What you return should match the listing exactly, minus its images.
───── DATA ─────
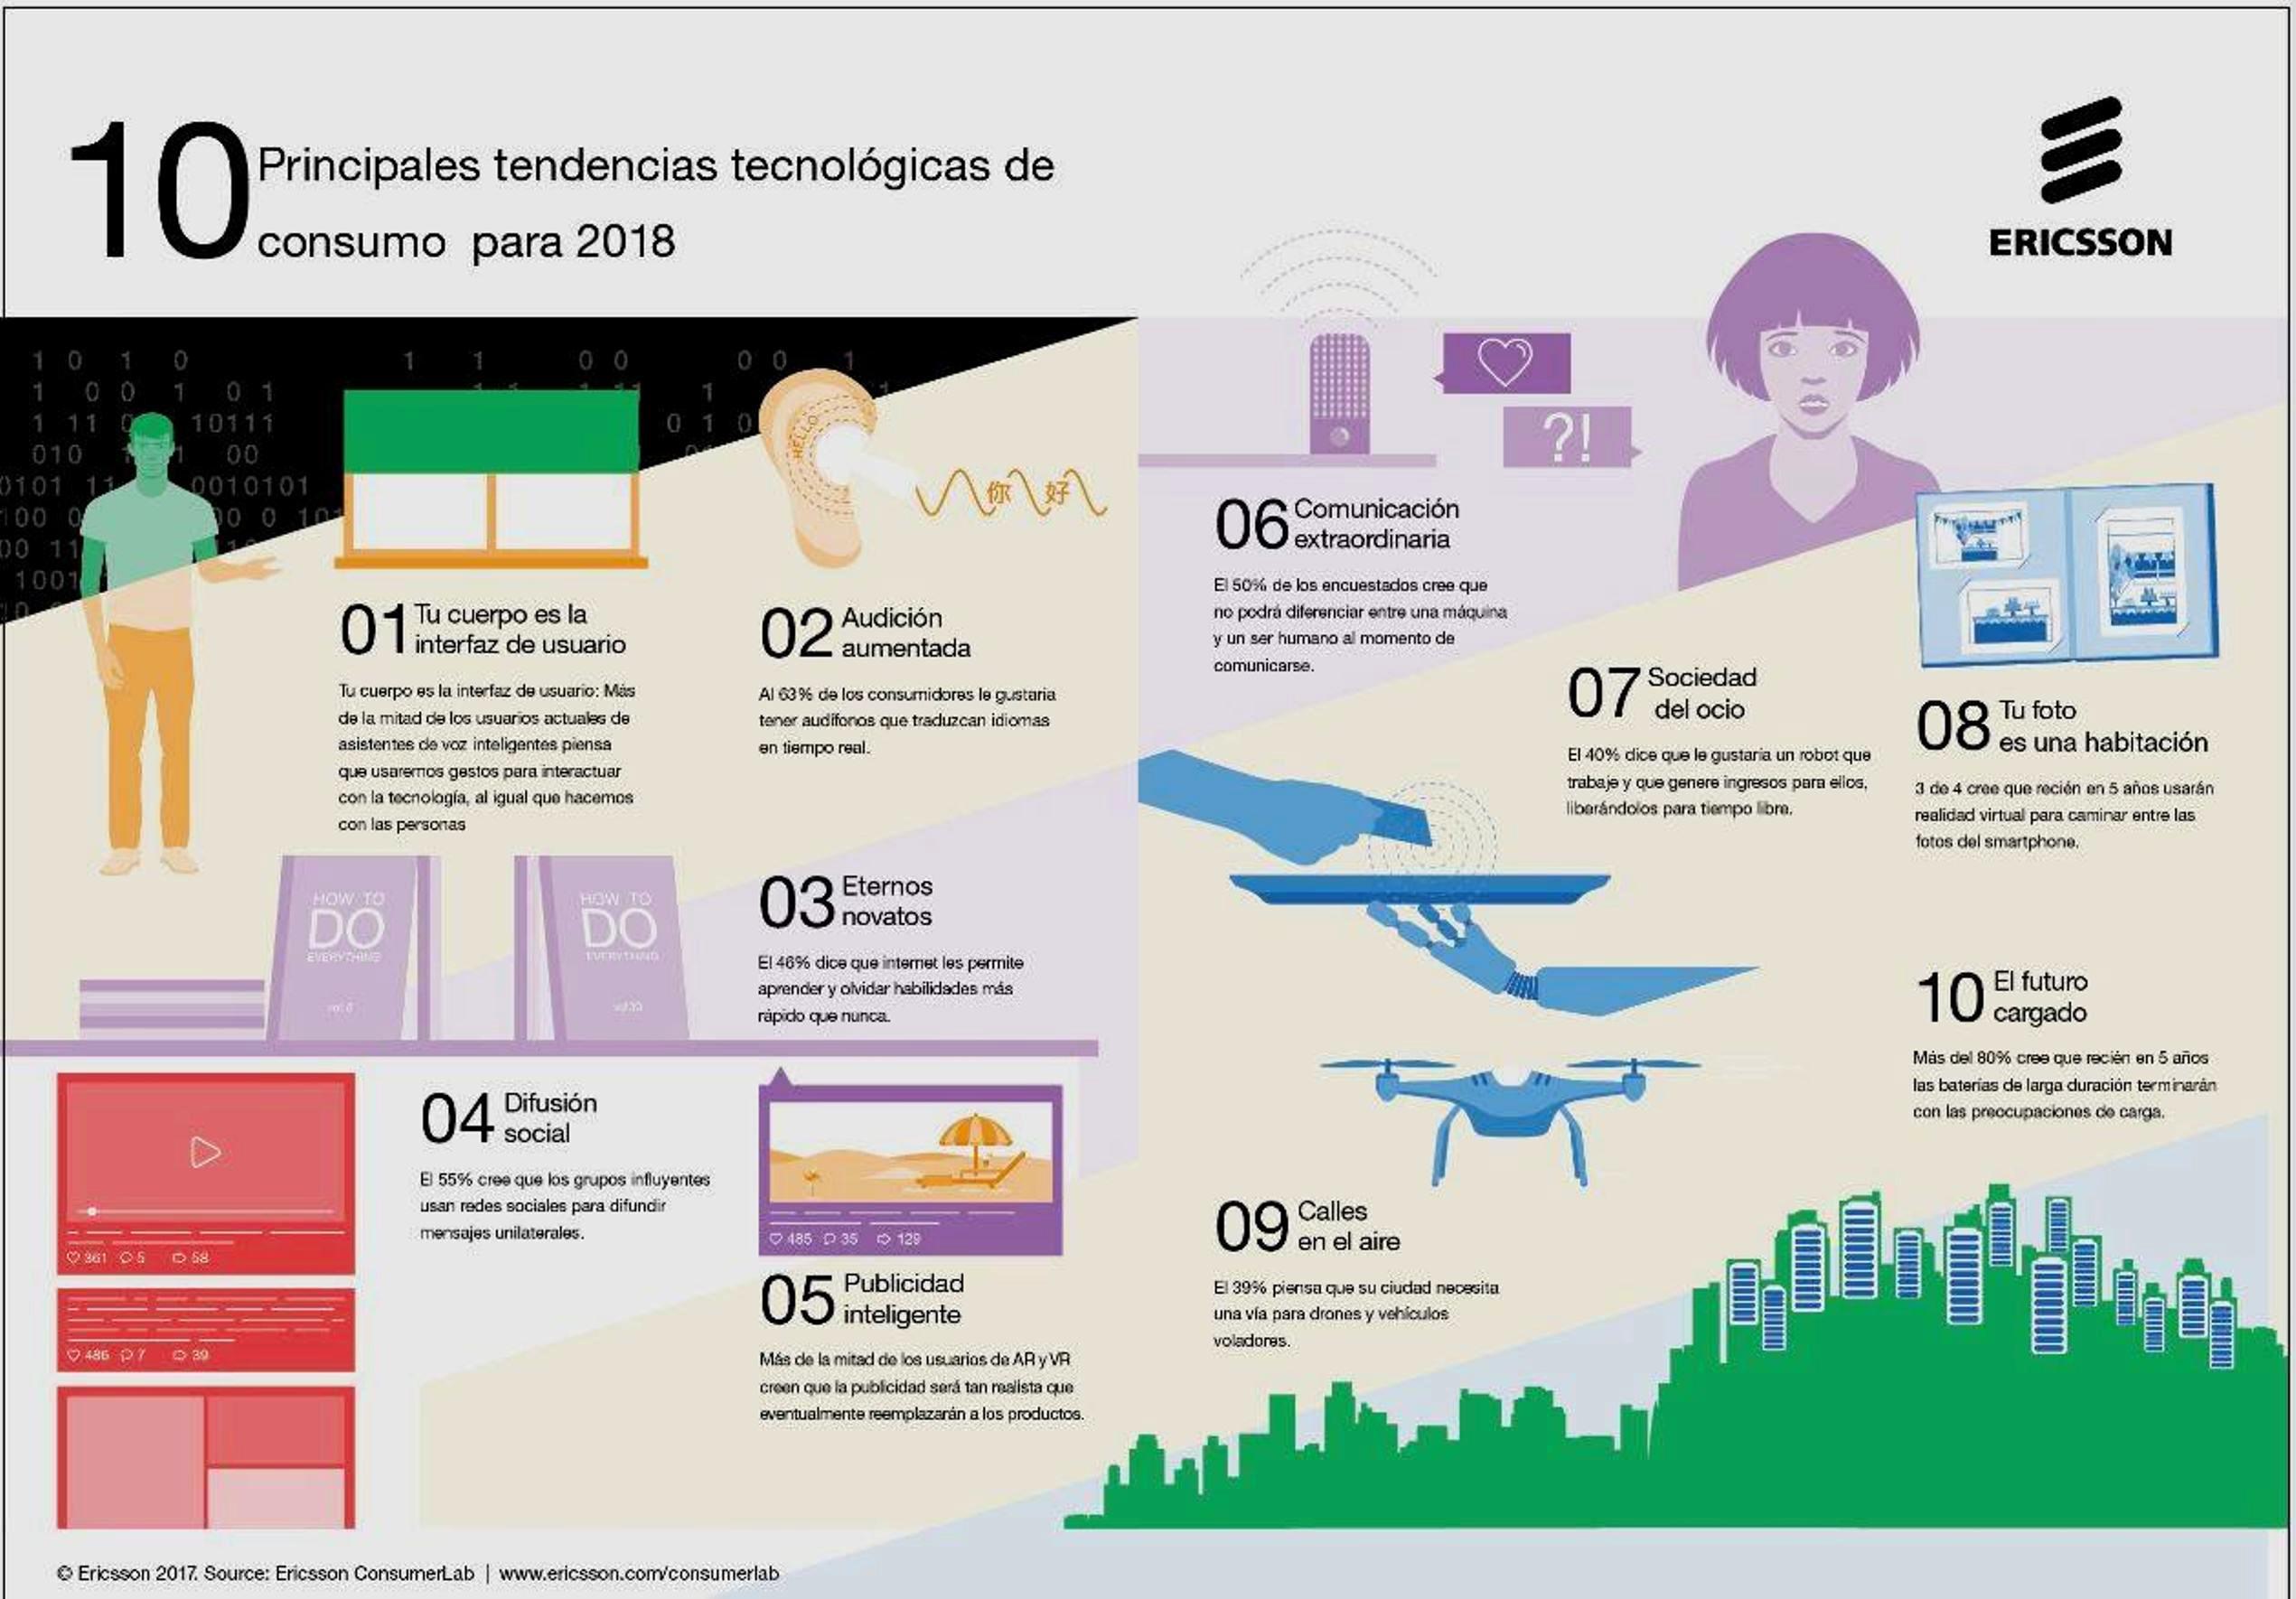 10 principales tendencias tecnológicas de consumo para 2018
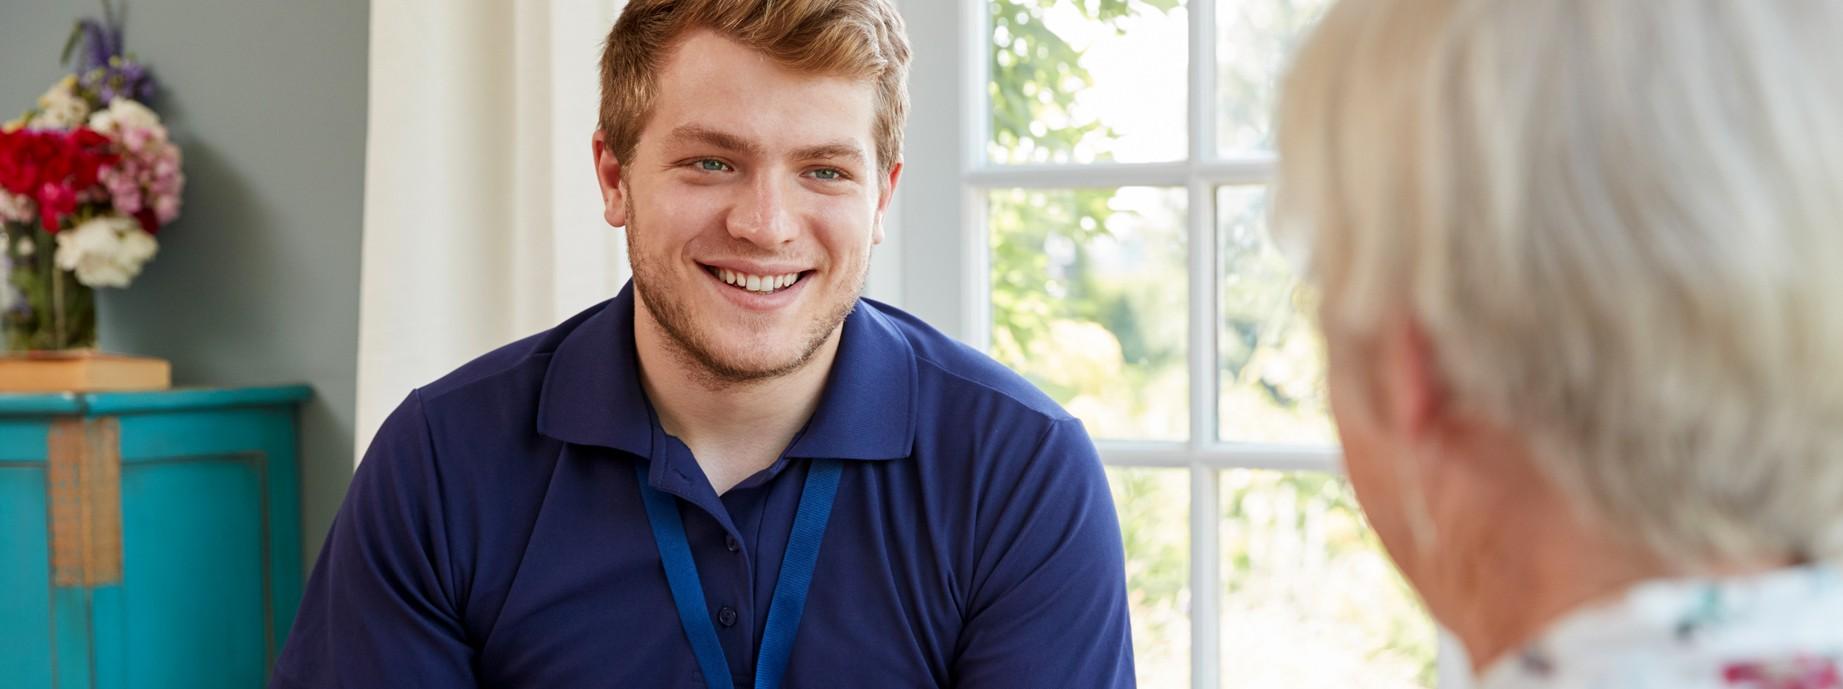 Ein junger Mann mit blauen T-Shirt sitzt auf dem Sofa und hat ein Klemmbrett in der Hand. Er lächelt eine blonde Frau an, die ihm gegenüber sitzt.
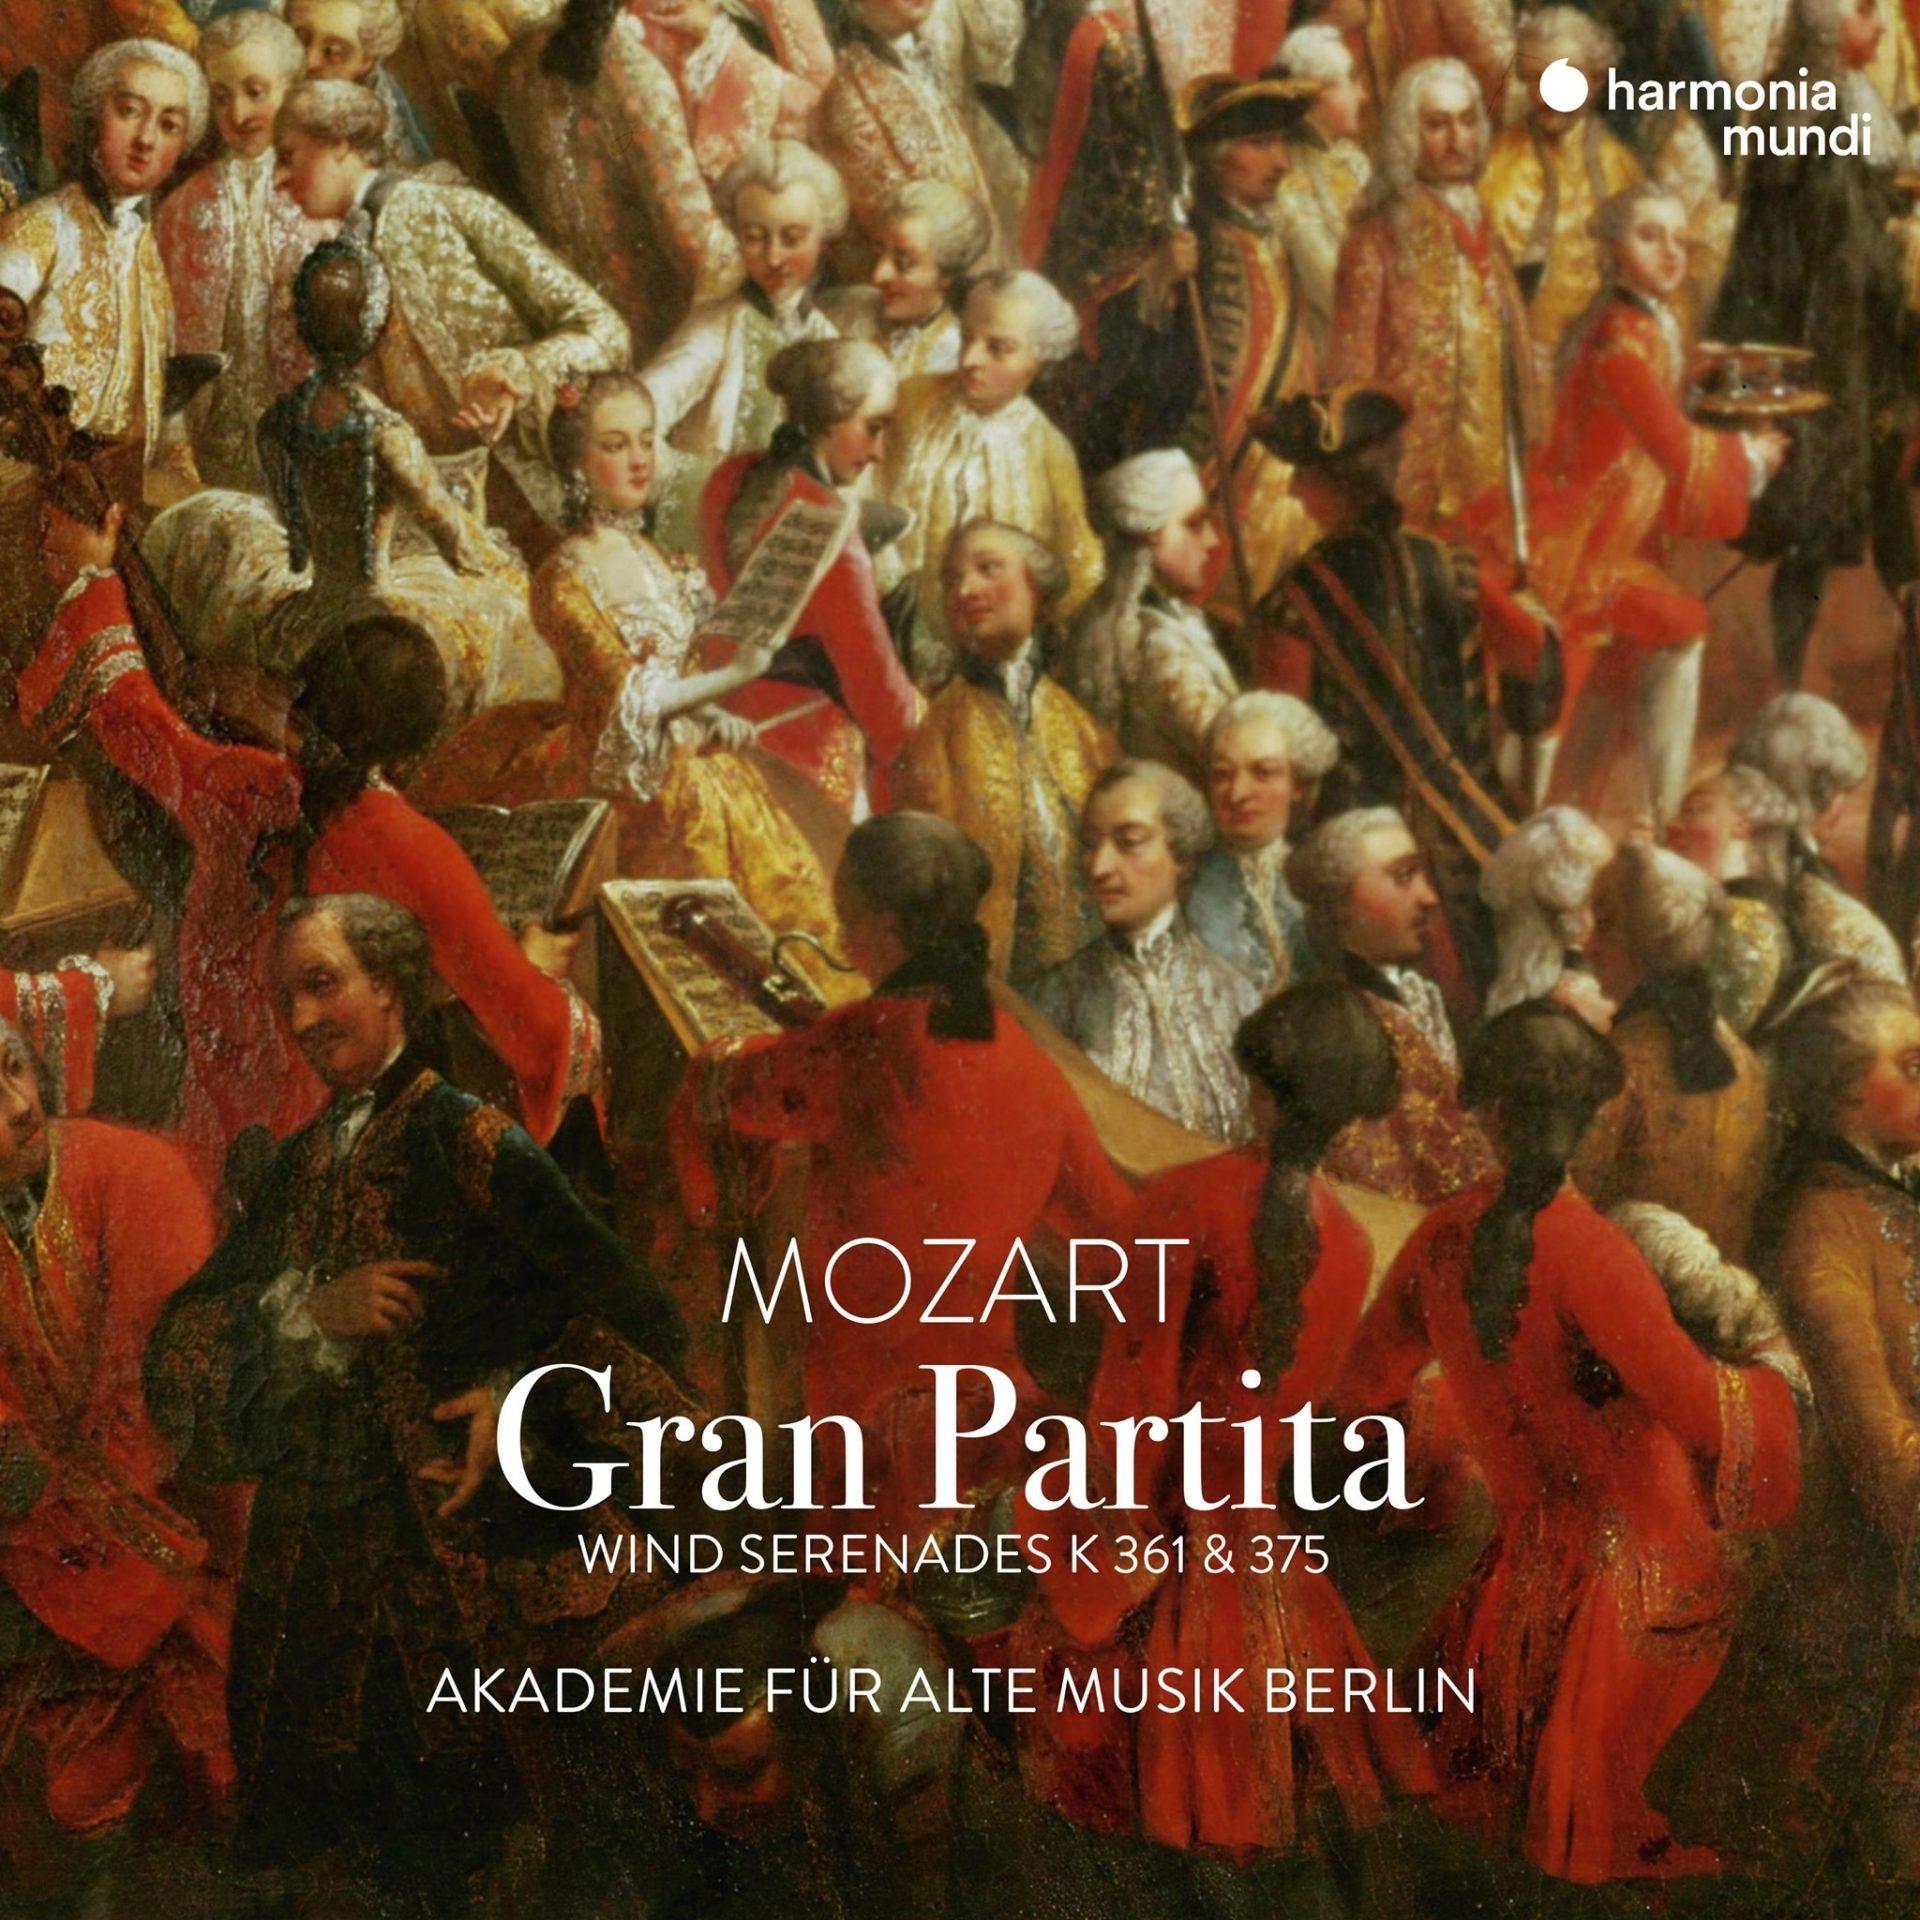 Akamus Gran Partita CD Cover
─────
TASK OUTPUT:
 10 principales tendencias tecnológicas de consumo para 2018
 Ein junger Mann mit blauen T-Shirt sitzt auf dem Sofa und hat ein Klemmbrett in der Hand. Er lächelt eine blonde Frau an, die ihm gegenüber sitzt.
 Akamus Gran Partita CD Cover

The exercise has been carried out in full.